I recently ran across a strange problem with the Play Framework and Netty: on Linux, my Play app could easily handle thousands of concurrent connections; on OS X, the same app maxed out at around 50 concurrent connections. It took a while to figure out the problem, so in this post, I’m documenting the solution in case other folks run into the same issue in the future. Note: if you’re using raw Netty, the fix is very straightforward; if you’re using Play, it’s much trickier, and I hope it will be fixed in Play itself in the near future.

tldr: set the backlog option on Netty’s Bootstrap object to a higher value (example).

Symptoms

On OS X, your Play or Netty app cannot handle more than ~50 concurrent connections. A simple way to test this is to use Apache Bench:

> ab -n 100 -c 51 http://localhost:9000/
 
This is ApacheBench, Version 2.3
 
Benchmarking localhost (be patient)...
apr_socket_recv: Connection reset by peer (54)

As soon as you set the concurrency level (the -c parameter) above 50, you’ll get the error "apr_socket_recv: Connection reset by peer (54)". Moreover, your Play or Netty app will never actually see the request and nothing will show up in the logs.

However, if you run the same experiment against the same app running on Linux, even with the concurrency level set to several hundred or several thousand, all requests will complete successfully, without errors.
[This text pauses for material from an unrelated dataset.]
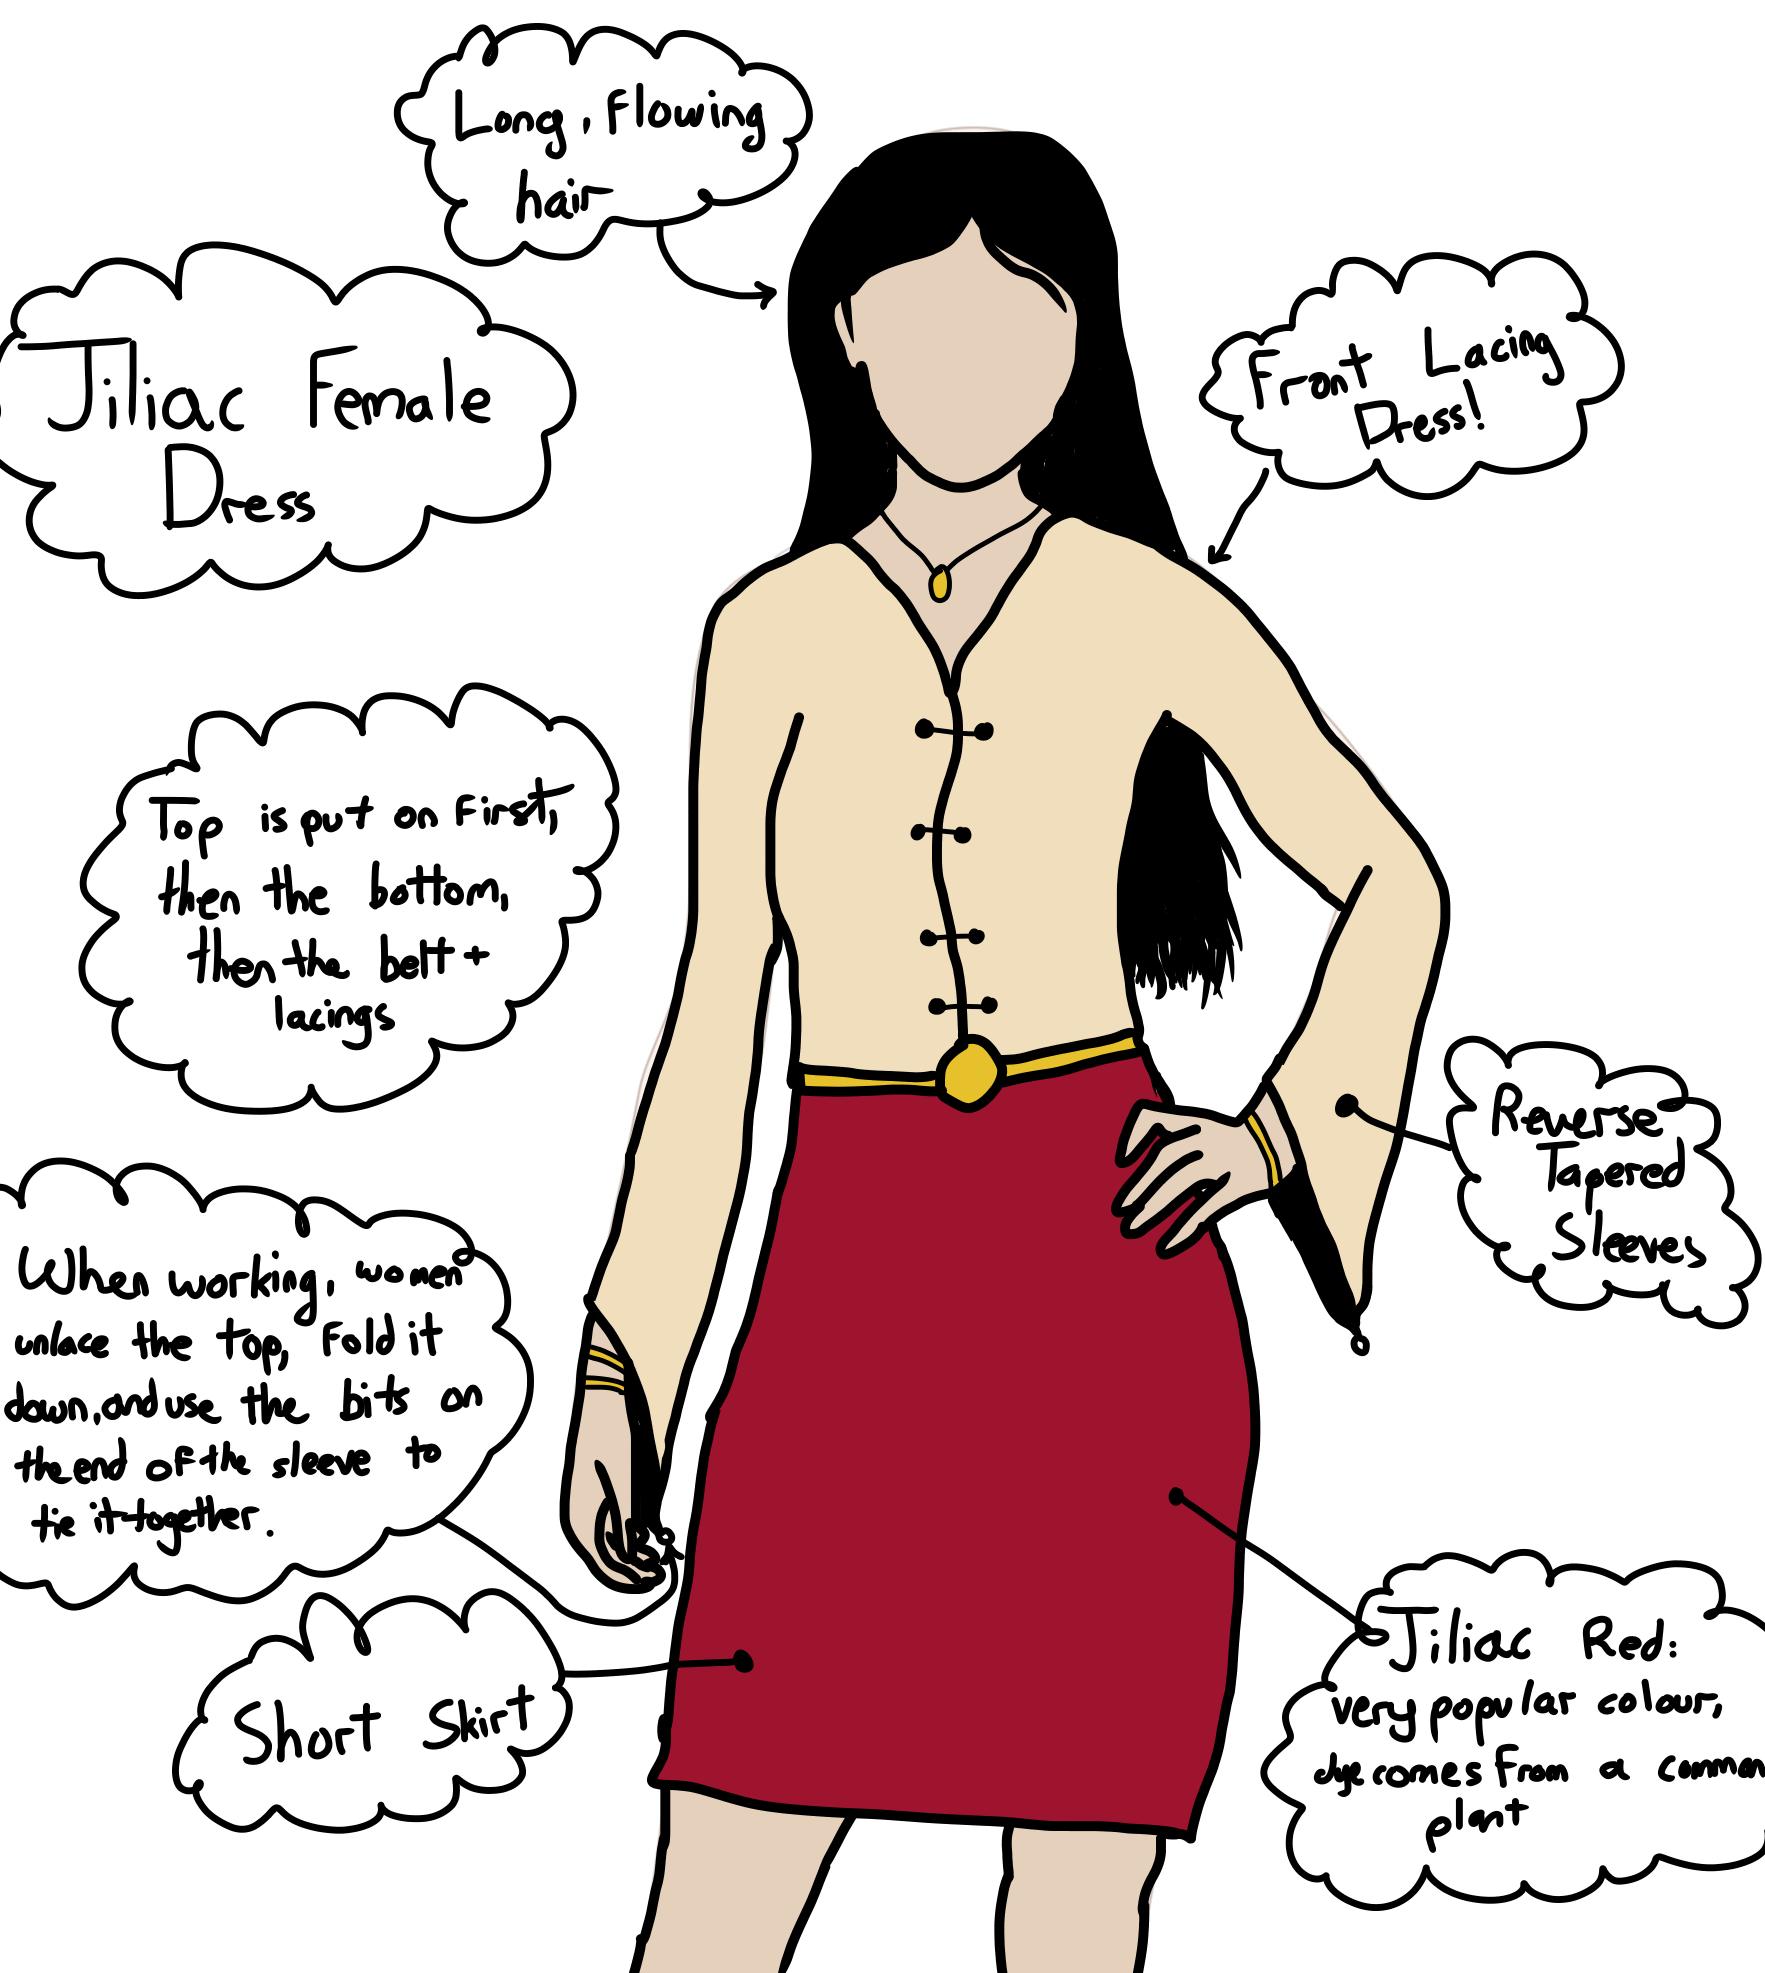 jiliac_dress.png

Therefore, there must be something OS specific causing this problem.

To be fair, it’s rare to use OS X in any production or high traffic capacity—for example, at LinkedIn, we use OS X in dev, but Linux in prod—so the concurrency limitation is rarely a problem. However, we had a few use cases where, even in dev mode, we had to make many concurrent calls to the same app, so we had to find a solution.

The Cause

It turns out that “50” is the default size for the "backlog" parameter in Java’s ServerSocket. It is even explained in the JavaDoc:

The maximum queue length for incoming connection indications (a request to connect) is set to 50. If a connection indication arrives when the queue is full, the connection is refused.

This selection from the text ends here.